Stable sorting - Tcl, Perl and others
Archive - Originally posted on "The Horse's Mouth" - 2007-09-06 17:16:10 - Graham EllisHave you come across a STABLE sort? A Stable sort is one in which all the incoming elements which evaluate to an equal value when tested for sorting purposes remain in the same order in the output as they were in the input. Perhaps I had better give you an example.

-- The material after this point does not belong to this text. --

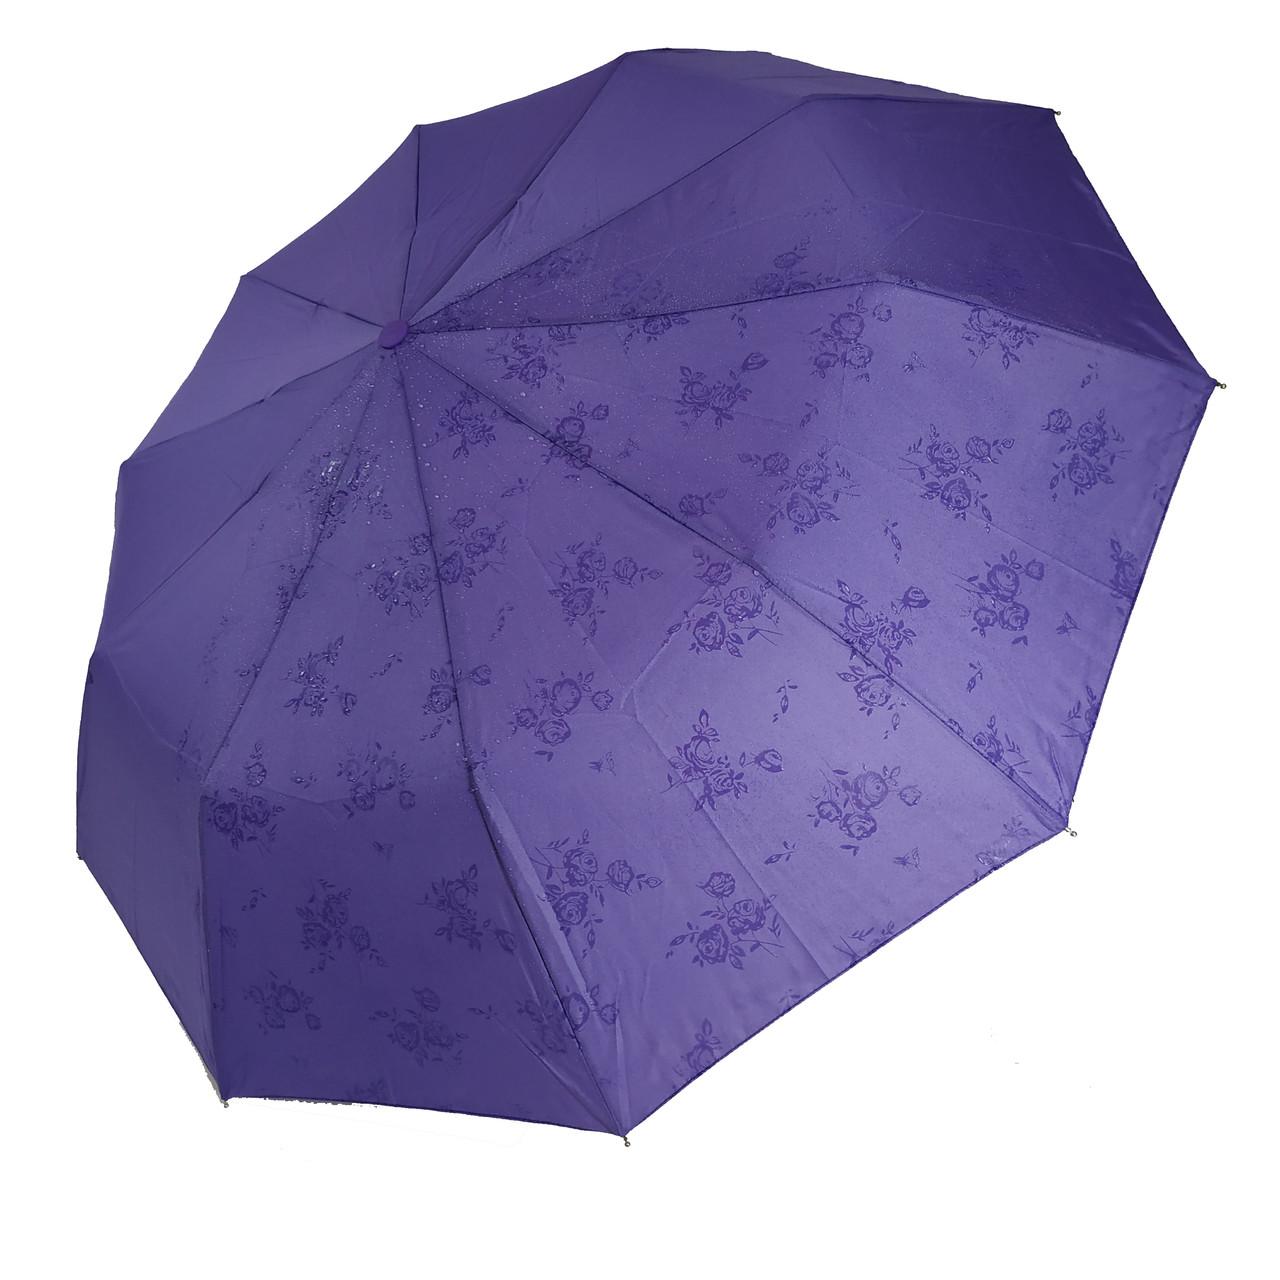 """Женский зонт-полуавтомат на 10 спиц Bellisimo """"Flower land"""", проявка, сиреневый цвет, 461-7"""

I have a log file and there's a date in every line, but the lines are NOT in date order. And I want to sort my lines so that every line for each day is grouped together, by ascending date order. However, within any particular day I want my output records to remain in the same order that they were in in the input file.
Input data:
20070903 John Smith etc
20070901 Bill Jones
20070902 Arthur Clark
20070903 George Hill
20070902 Arthur Dent
20070903 Petal Honour-Flower
Stable sort output required:
20070901 Bill Jones
20070902 Arthur Clark
20070902 Arthur Dent
20070903 John Smith etc
20070903 George Hill
20070903 Petal Honour-Flower
As compared to output from a standard (default) sort:
20070901 Bill Jones
20070902 Arthur Clark
20070902 Arthur Dent
20070903 George Hill
20070903 John Smith etc
20070903 Petal Honour-Flower
Sorting in Tcl
Here is the sample code to demonstrate those various sorts in Tcl:
proc first {this that} {
set one [lindex $this 0]
set two [lindex $that 0]
return [string compare $one $two]
}
lappend mystuff {20070903 John Smith etc}
lappend mystuff {20070901 Bill Jones}
lappend mystuff {20070902 Arthur Clark}
lappend mystuff {20070903 George Hill}
lappend mystuff {20070902 Arthur Dent}
lappend mystuff {20070903 Petal Honour-Flower}
puts "Report in initial order"
puts [join $mystuff \n]
puts "-------------------------"
puts "Sorts by Forename within date"
set newstuff [lsort $mystuff]
puts [join $newstuff \n]
puts "-------------------------"
puts "Sorts ONLY by date."
# Appears to keep identically ranked records in ORIGINAL order
set newstuff [lsort -command first $mystuff]
puts [join $newstuff \n]
The lsort command sorts a list, returning a new list, and lsort -command does the same thing but allows the user to specify a proc which returns a negative, zero or positive value to indicate which of the records comes first (negative = no swap, positive = swap, zero = don't care). You'll note that it appears that Tcl provides a naturally stable sort in these circumstances, with and zero returns causing the output records to remain in their original order. I have seen no proof of this - the comment is empirical, but I have swapped by data lines around, and added and taken a few away, and it appears to hold.
Sorting in Perl
Here is the sample code to demonstrate those various sorts in Perl:
@mystuff = ("20070903 John Smith etc",
"20070901 Bill Jones",
"20070902 Arthur Clark",
"20070903 George Hill",
"20070902 Arthur Dent",
"20070903 Petal Honour-Flower");
print "Initial order\n";
print (join("\n",@mystuff),"\n");
print "-------------------------\n";
print "Sort by Forename within date\n";
@newstuff = sort(@mystuff);
print (join("\n",@newstuff),"\n");
print "-------------------------\n";
print "Sort by date ONLY\n";
@newstuff = sort bydate (@mystuff);
print (join("\n",@newstuff),"\n");
print "-------------------------\n";
sub bydate {
@a = split(/\s+/,$a);
@b = split(/\s+/,$b);
return $a[0] <=> $b[0];
}
The principles are very similar to those of Tcl, but the langauge is very different. Again, this appears to be a stable sort automatically.